"Error reported while accesing file" & "Illegal characters in path"

Hi!

I have Duplicati installed on a Windows 7 machine and set to copy from a network share (SMB/CIFS) to Nextcloud via WebDAV (I have other machines copying to the same server working flawlessly). All is working good except for three folders, I get “Error reported while accesing file” for this folders and the supposed cause is “Illegal characters on path” but the path doesn’t have spaces nor strange characters (accent marks, symbols… anything). The strange thing is that Duplicati is able to copy the subfolders IN the folders that fail.

Example:

I get the error on \\192.168.1.200\FOLDER1\ (the content of FOLDER1 is not copied either, only it’s subfolders) but Duplicati is able to copy \\192.168.1.200\FOLDER1\FOLDER2 and all it’s contents.

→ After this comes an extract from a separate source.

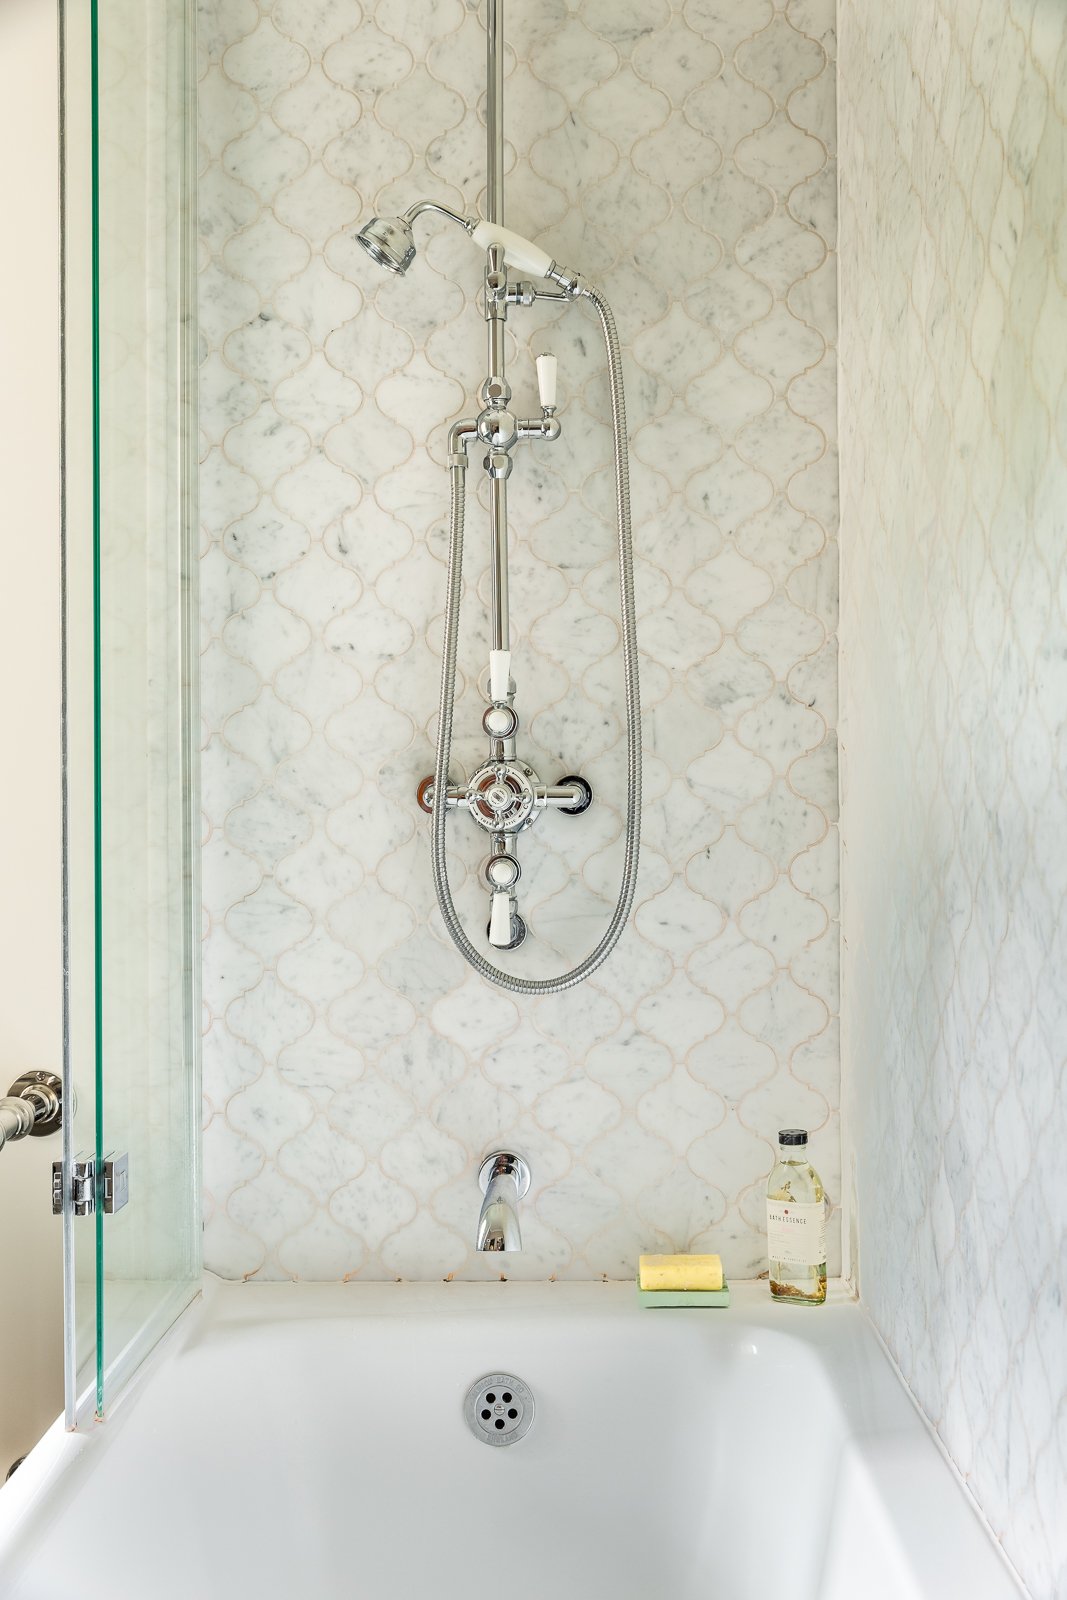 CharlotteBucciero-interiors-shower-marble-tile-grey-bath-hand-shower.jpg

I hope someone can shed some light, thanks in advance!

Are all machines using the same version of Duplicati and backing up the same SMB share?

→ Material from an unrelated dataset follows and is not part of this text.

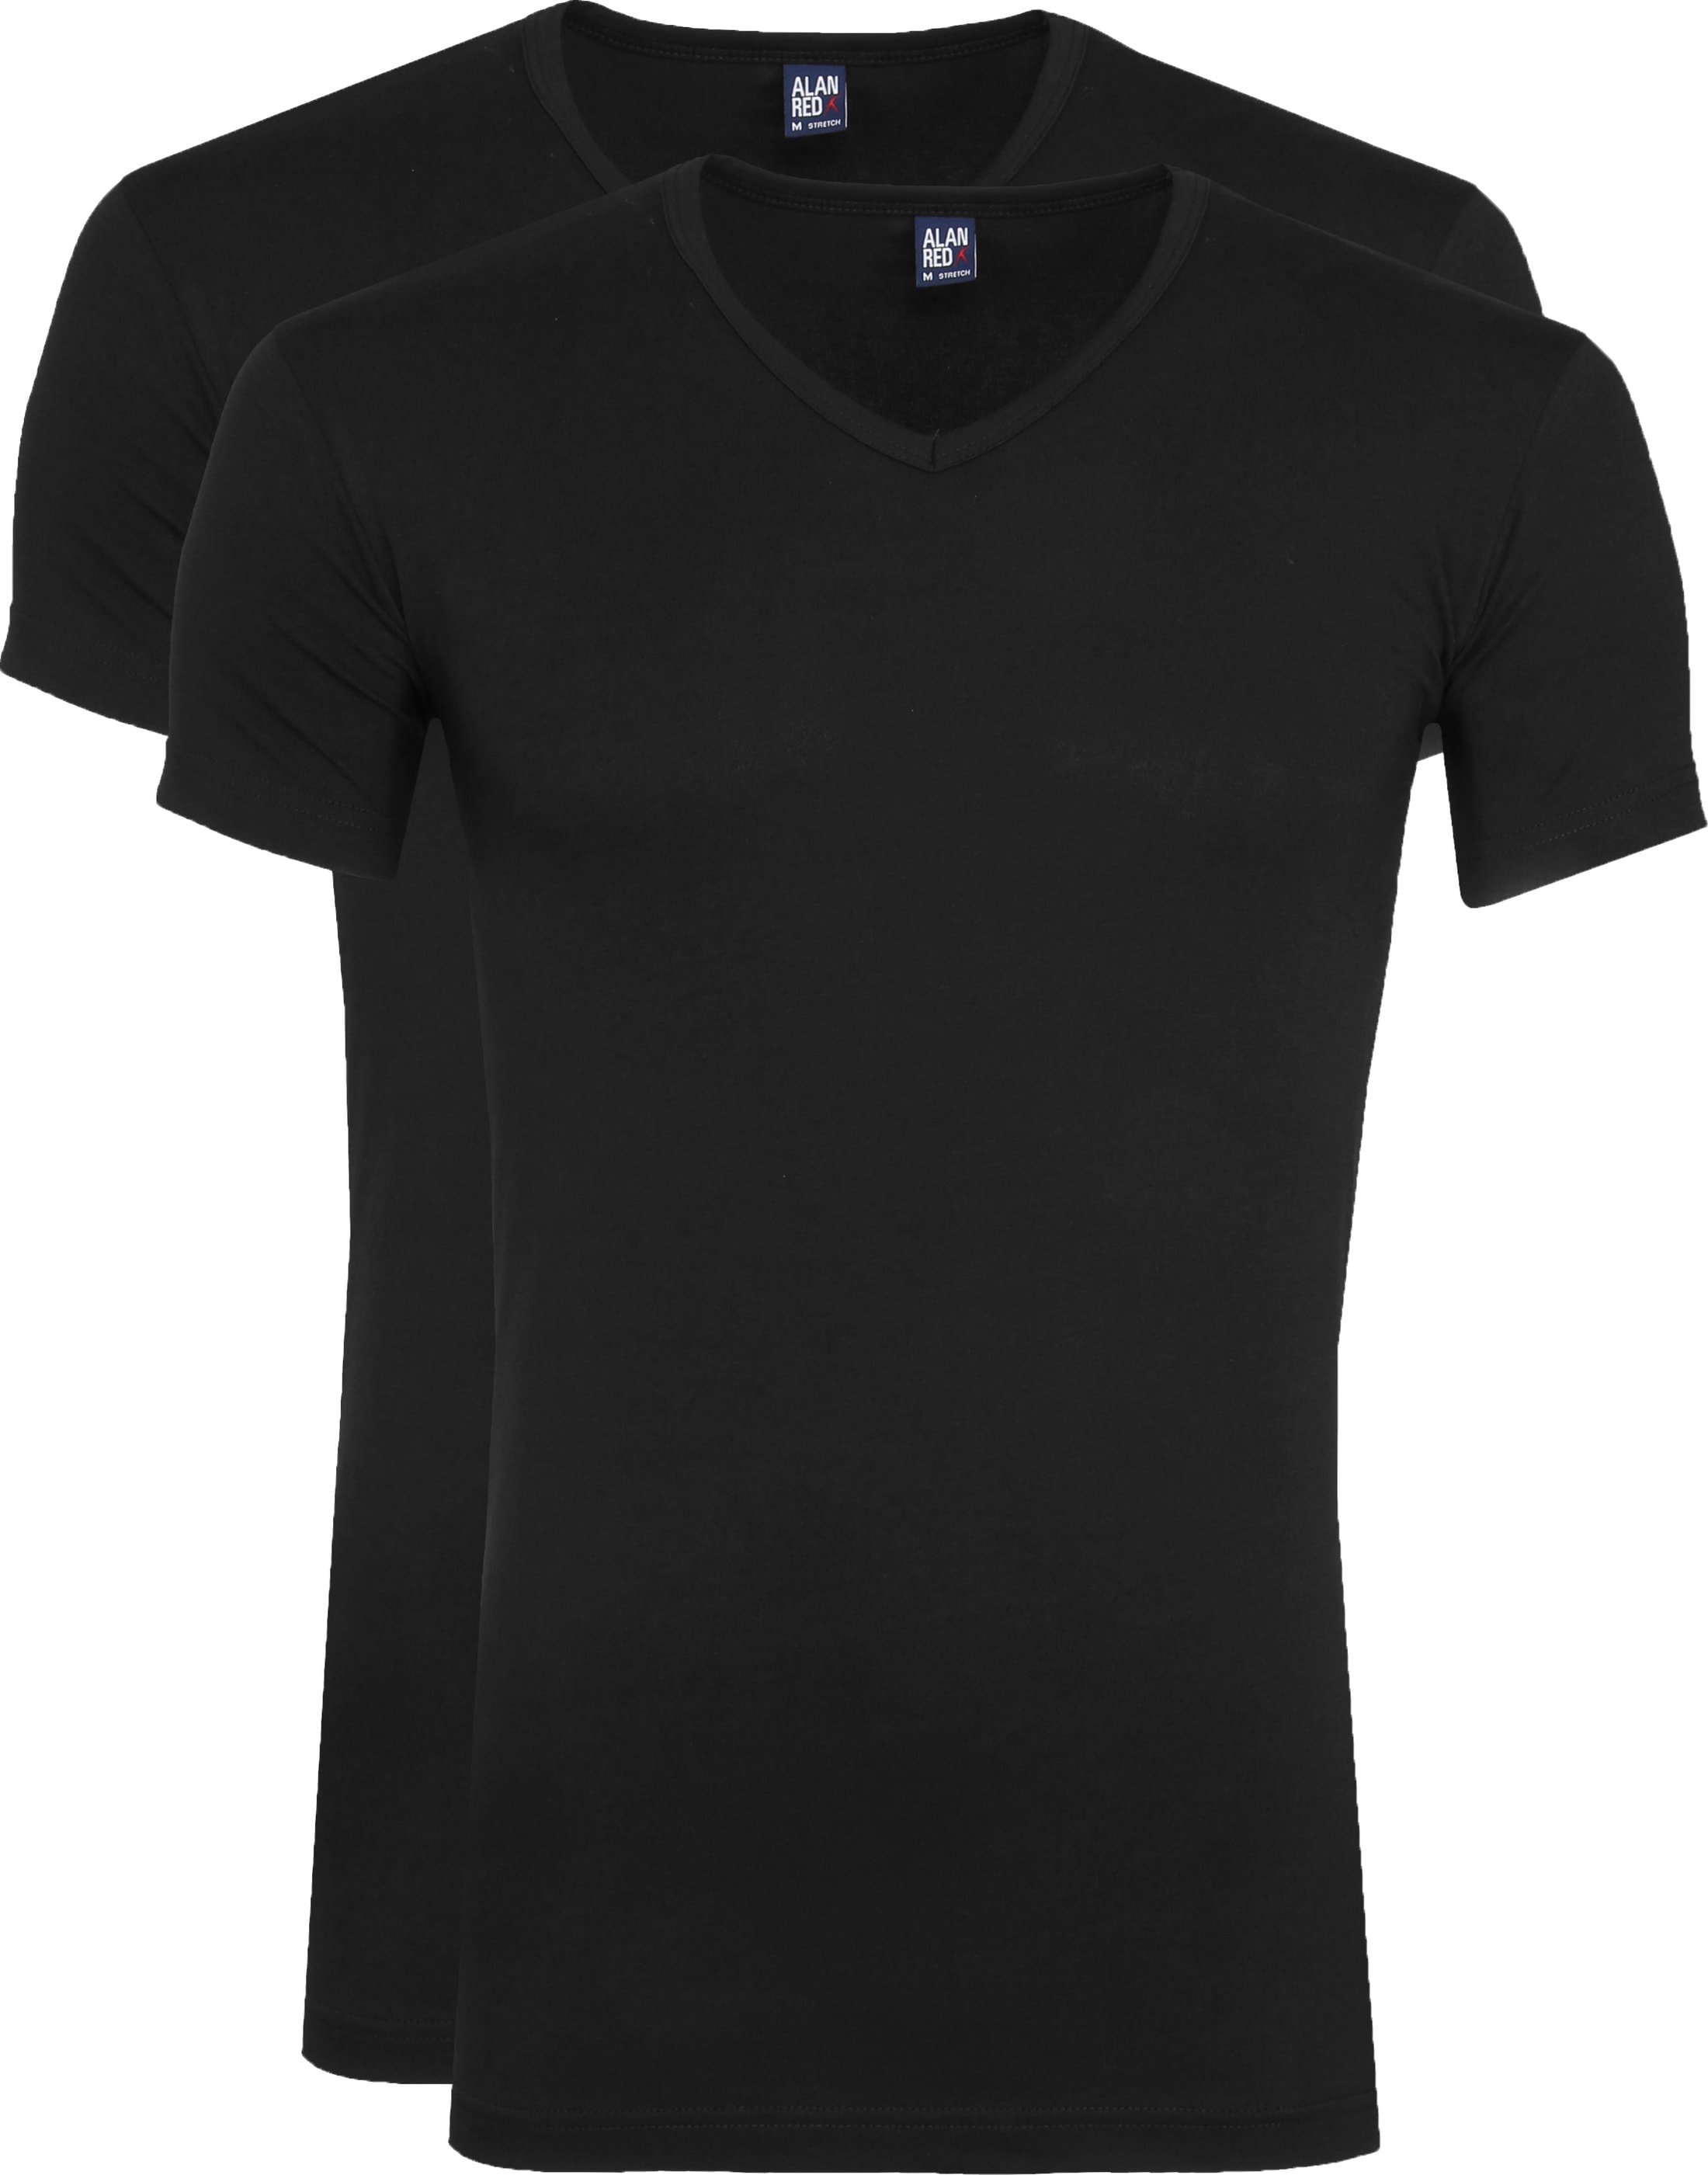 Oklahoma T-Shirt Stretch Zwart (2-Pack)

My guess is there’s a file (might be hidden) in the FOLDER1 that Duplicati chokes on so the moves on to the next think it can handle.

I’d suggest comparing what you can restore from that folder with the actual contents - that may highlight what file(s) are being skipped.

Oh, and can you post the actual error/warning message from the Duplicati logs?

Hi John,

Actually SMB is the source not the destination, destination is a Nextcloud server via WebDAV. Yes, all machines are using the same version and backing up to the same Nextcloud server.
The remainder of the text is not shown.